Ein Grabstein auf dem jüdischen Teil des Wiener Zentralfriedhofs ist die einzige sichtbare Spur, die auf die Herkunft des neuseeländischen Premiers John Key hinweist. Von Efeu umwachsen, der in Granit gemeißelte Name „Max Lazar“ und die hebräische Inschrift sind verwittert, kaum noch lesbar.
Max Lazar war der Großvater von John Key.

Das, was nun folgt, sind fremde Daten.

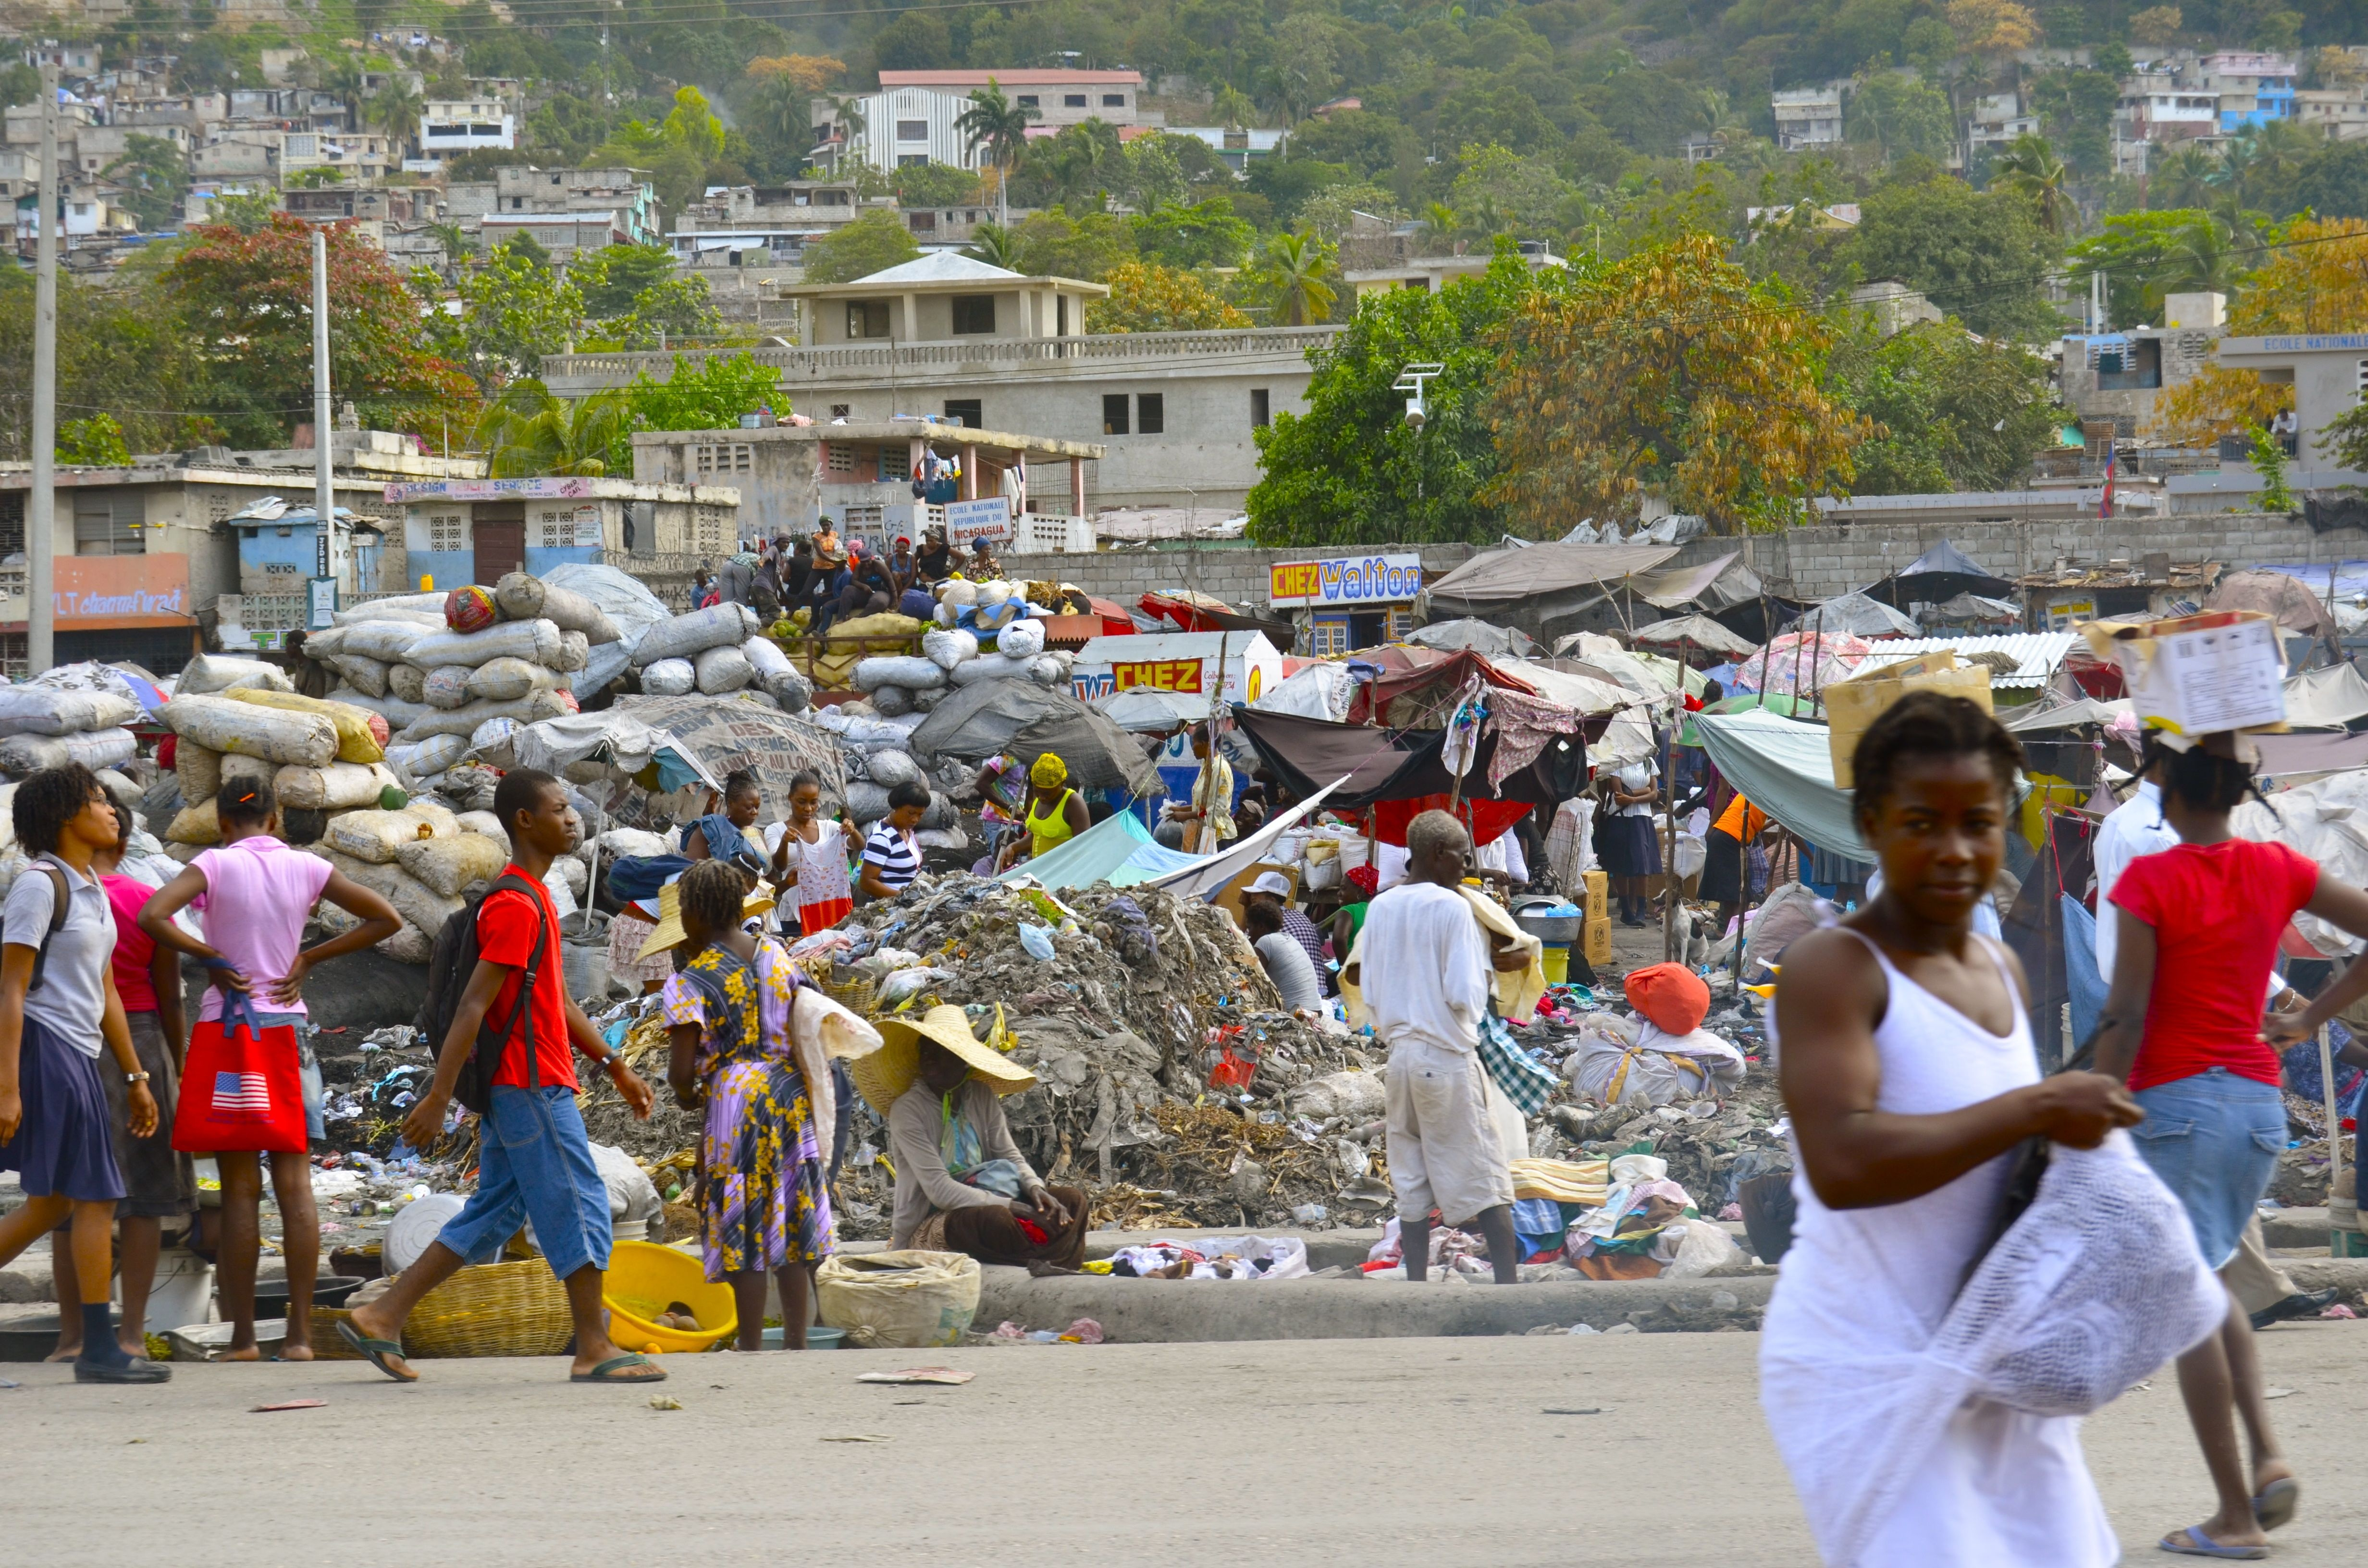 Mexico: Migrant crisis following massive influx of Haitian migrants

John Key wurde vor vier Wochen in der neuseeländischen Hauptstadt Wellington als Premier angelobt. Sein Leben war von starkem Aufstiegswillen geprägt. Damit hatte er seine beiden Träume erfüllt. Schon als Achtjähriger soll er seiner Mutter gesagt haben, was er einmal erreichen wollte: „Millionen Dollar verdienen und Ministerpräsident werden.“ Key absolvierte ein Wirtschaftsstudium in Großbritannien, wurde dann Finanzprüfer in seiner Heimatstadt Christchurch in Neuseeland. Im Alter von 34 Jahren stieg er bei der Investmentbank Merrill Lynch als Devisenhändler in Singapur ein, wo er sich als hartnäckiger und geschickter Stratege profilierte. Noch im selben Jahr wurde er Leiter der Abteilung für Außenhandel in London. Knapp 2,25 Millionen Dollar verdiente Key damals im Jahr. So viel hatte keiner aus der alteingesessenen jüdischen Kaufmannsfamilie je erreichen können.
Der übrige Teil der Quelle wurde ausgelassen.